[DIRECTIONS FOR THIS TASK]
Print the listing below again, exactly. Skip the pictures.

[COLLECTED MATERIAL]
====
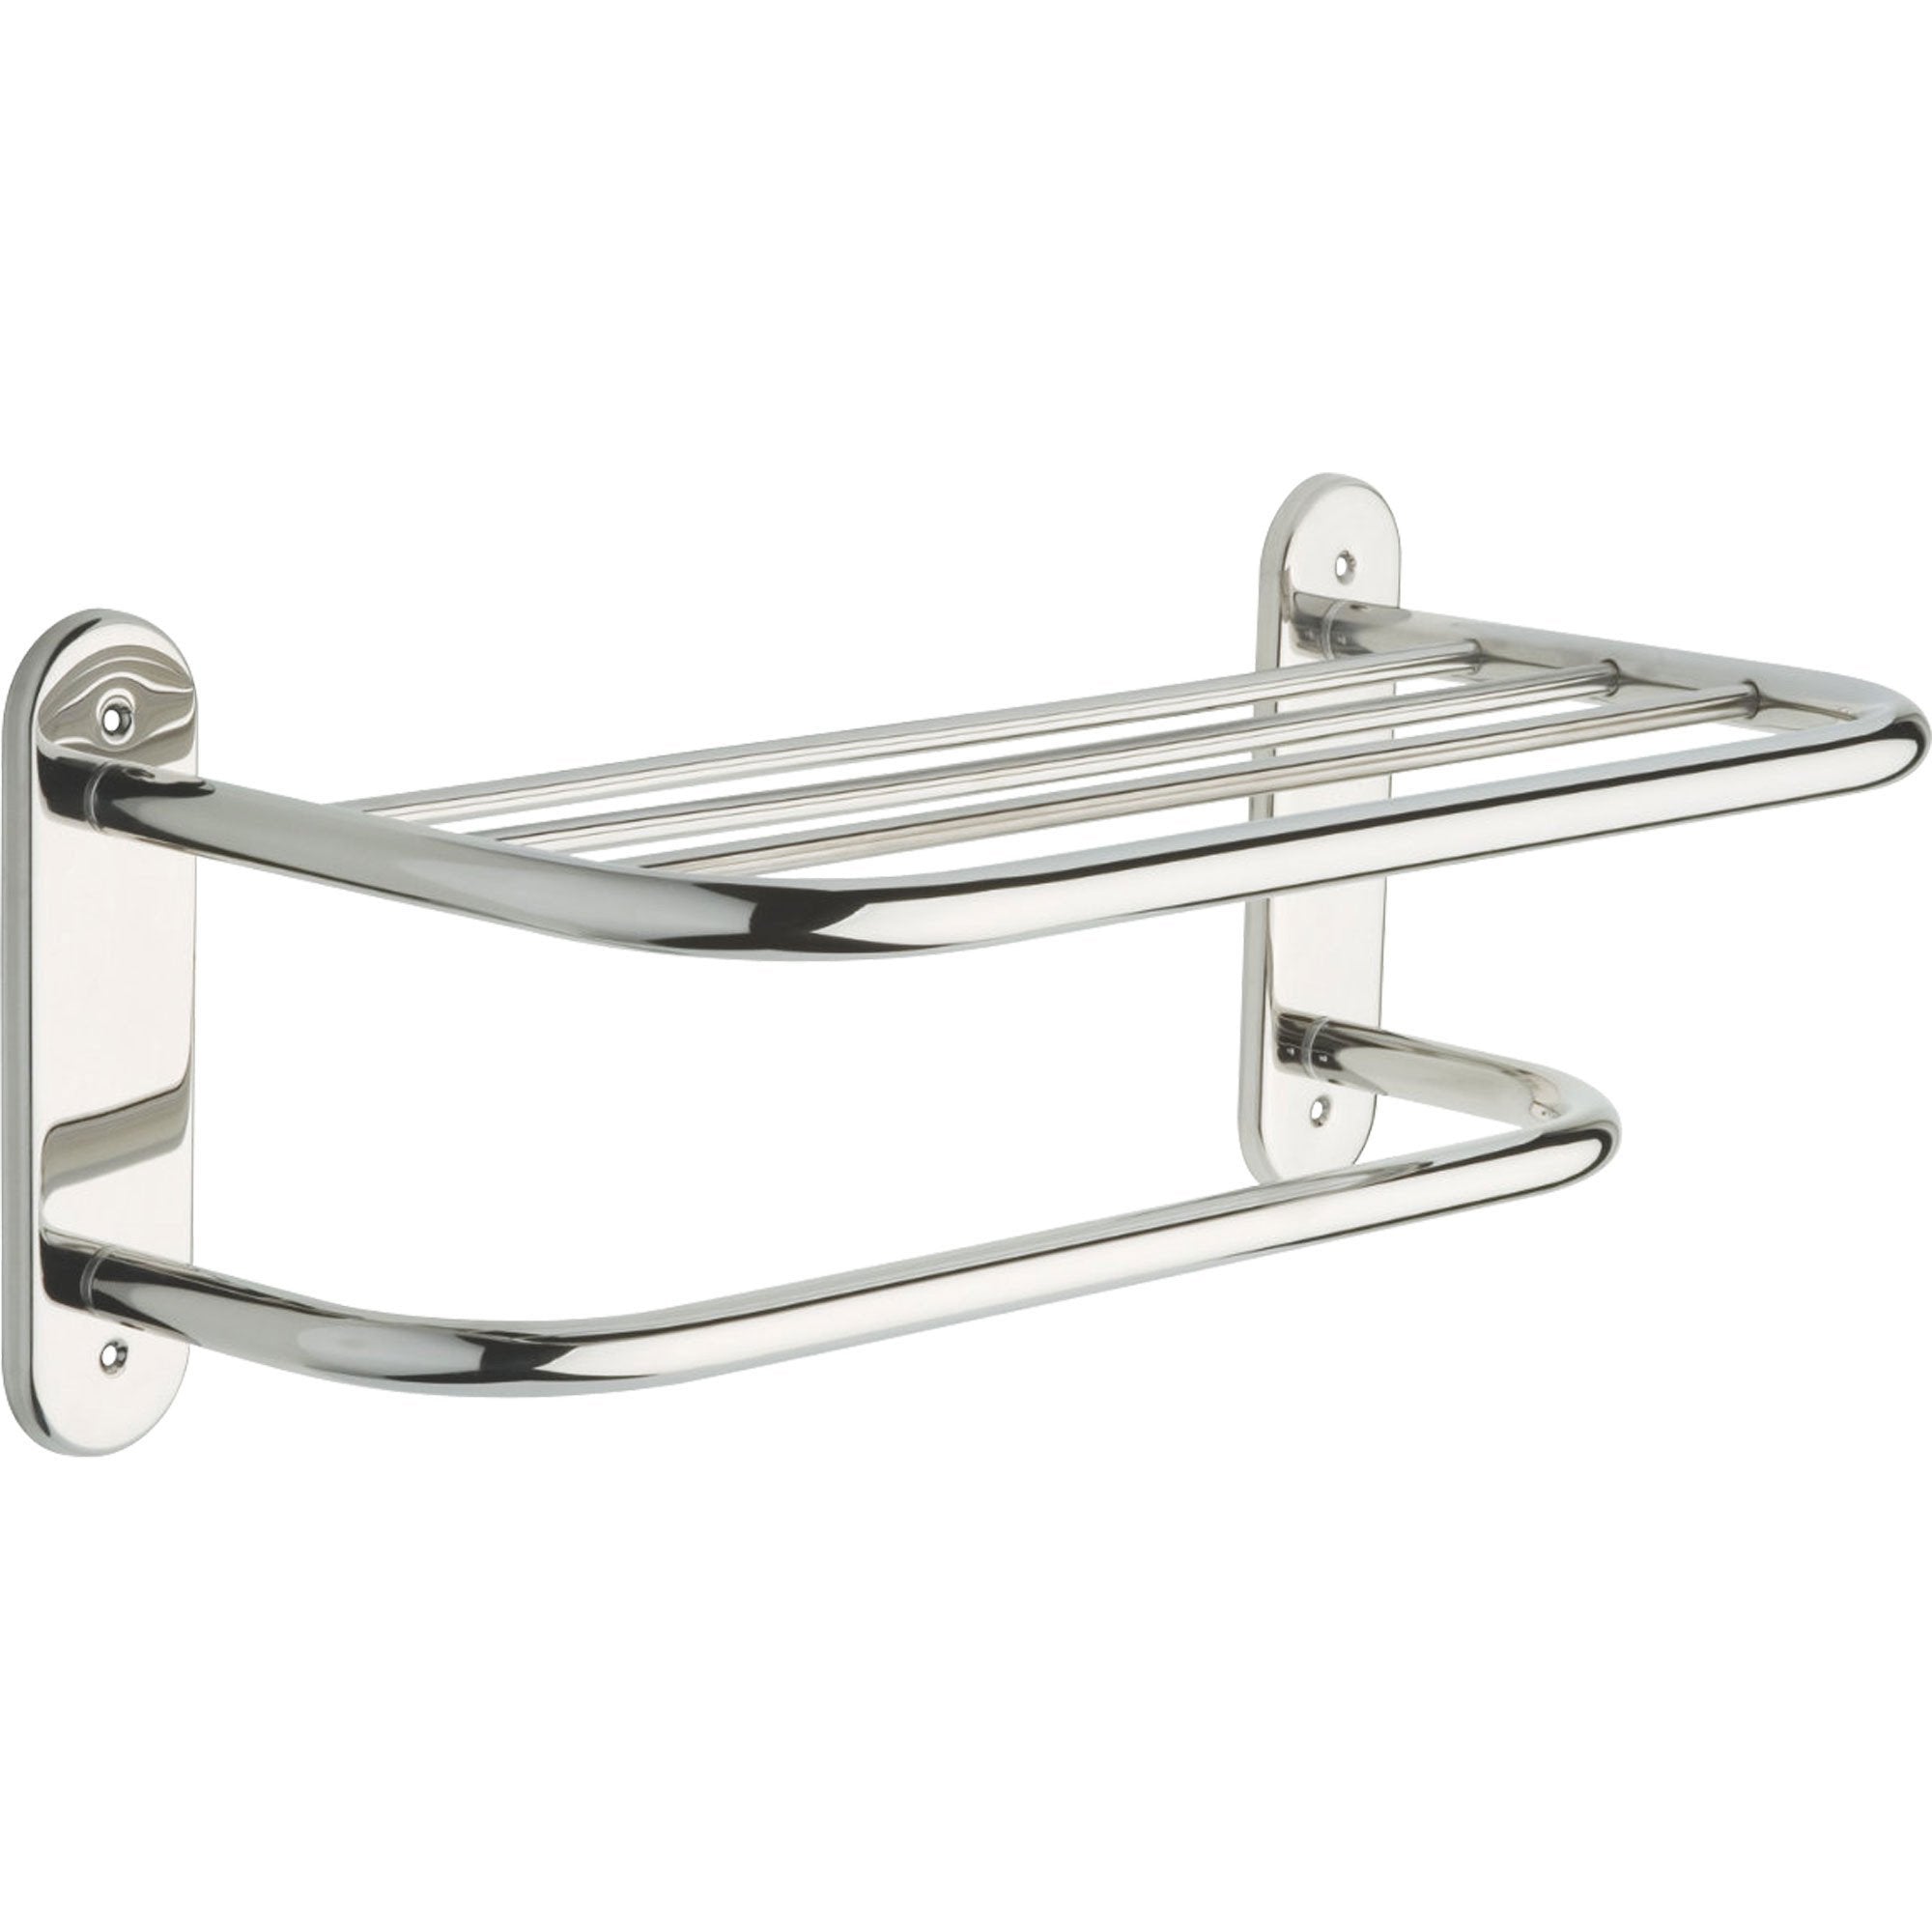 Delta Stainless Steel Finish 18 inch Bathroom Towel Bar with Shelf 572952
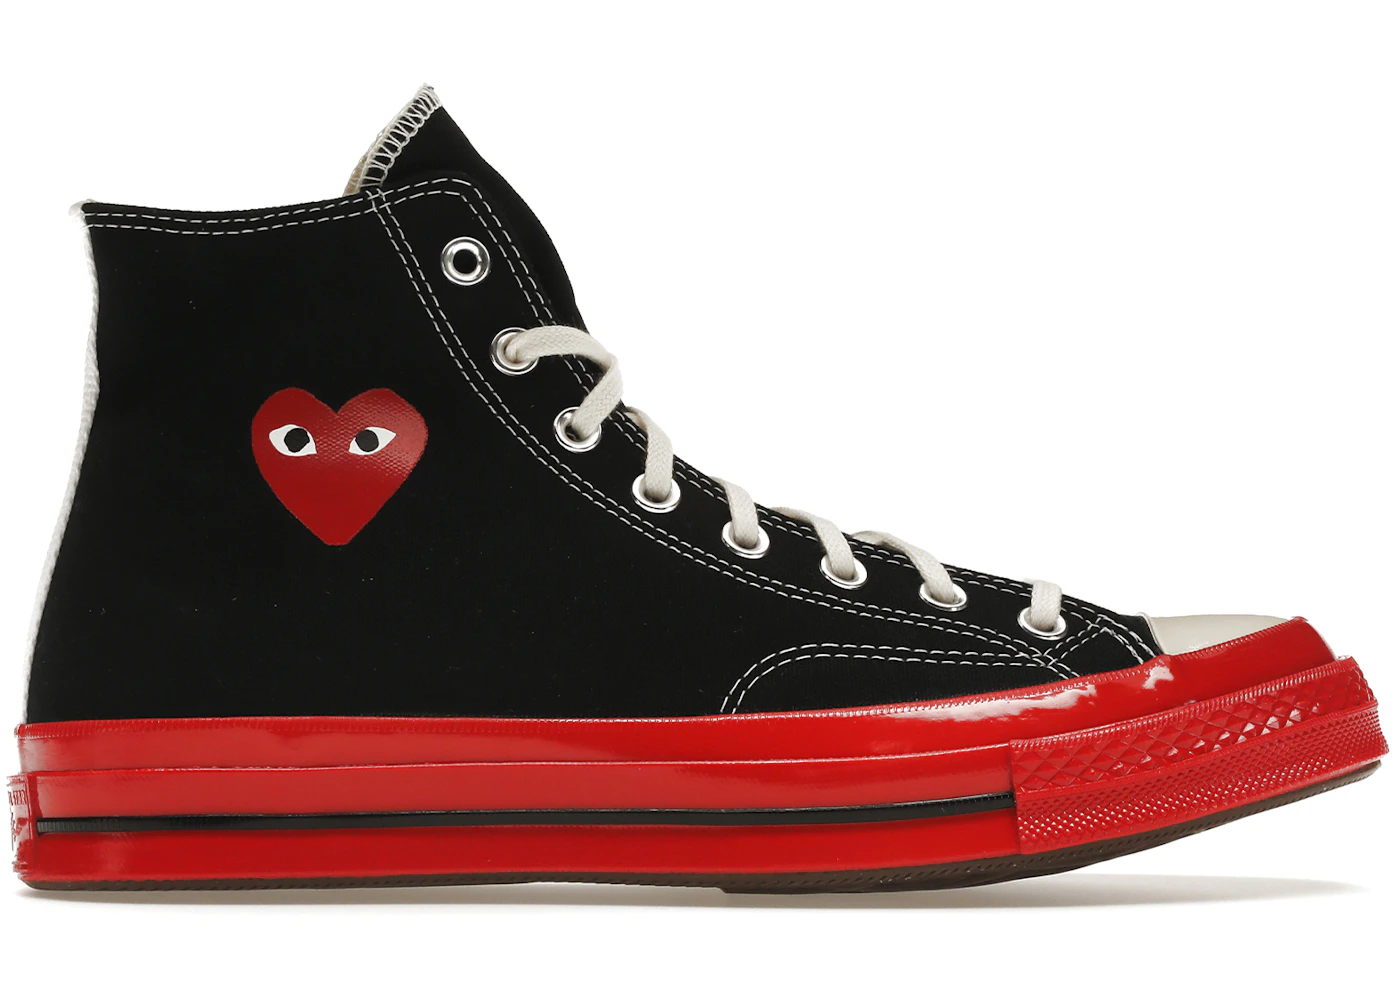 Chuck Taylor All-Star 70 Hi Comme des Garcons PLAY Black Red Midsole - A01793C - US
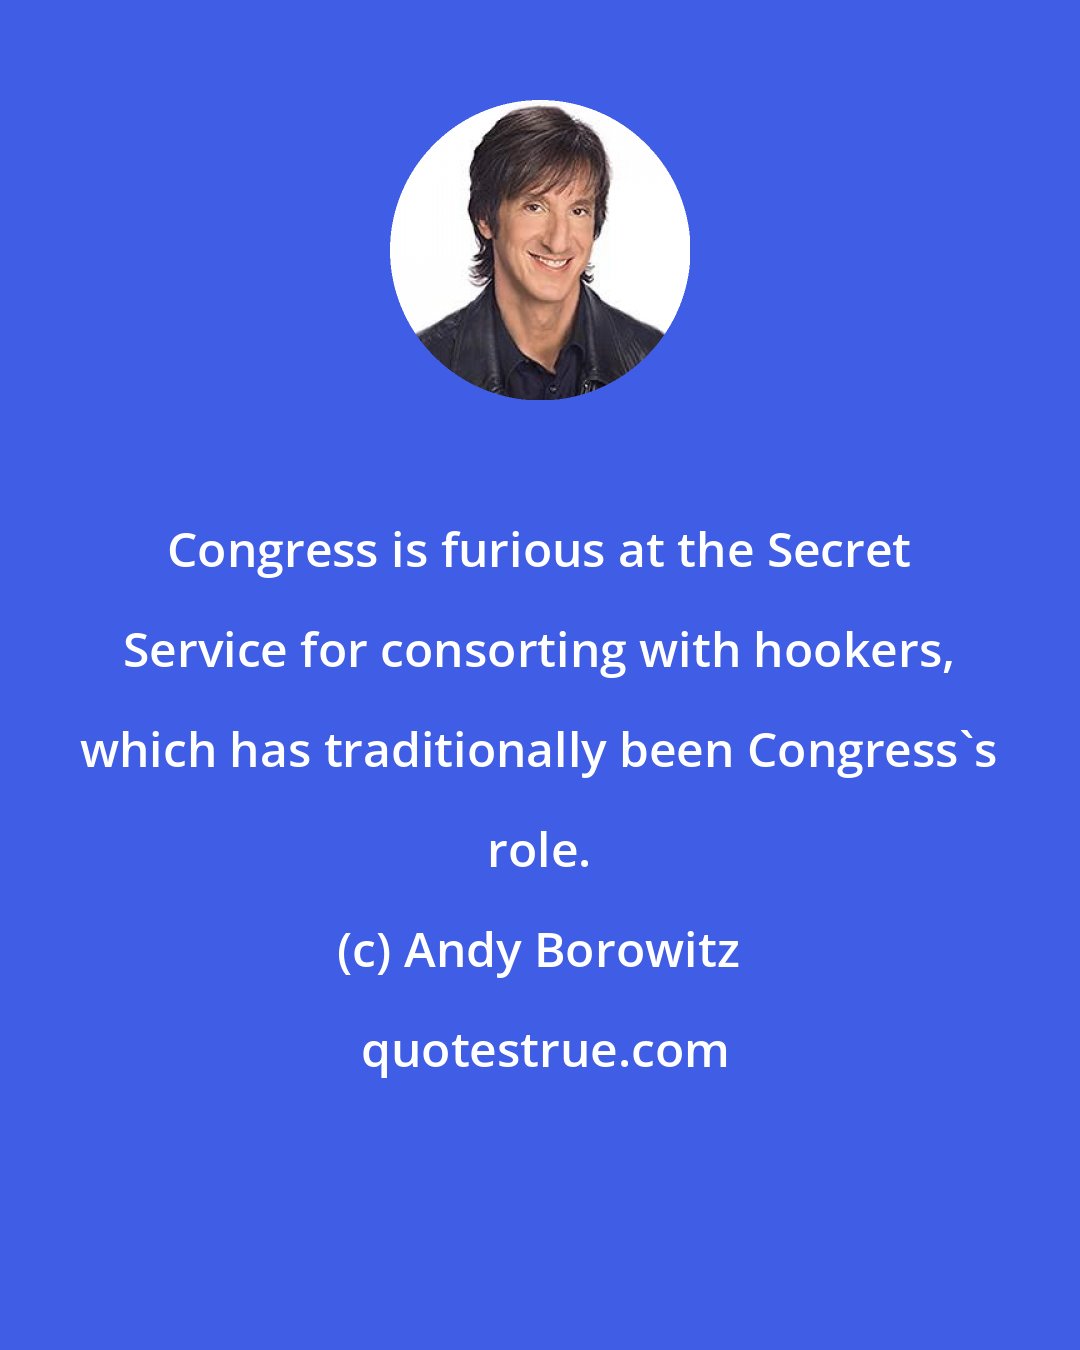 Andy Borowitz: Congress is furious at the Secret Service for consorting with hookers, which has traditionally been Congress's role.
====
[YOUR RESPONSE]
 Delta Stainless Steel Finish 18 inch Bathroom Towel Bar with Shelf 572952
 Chuck Taylor All-Star 70 Hi Comme des Garcons PLAY Black Red Midsole - A01793C - US
 Andy Borowitz: Congress is furious at the Secret Service for consorting with hookers, which has traditionally been Congress's role.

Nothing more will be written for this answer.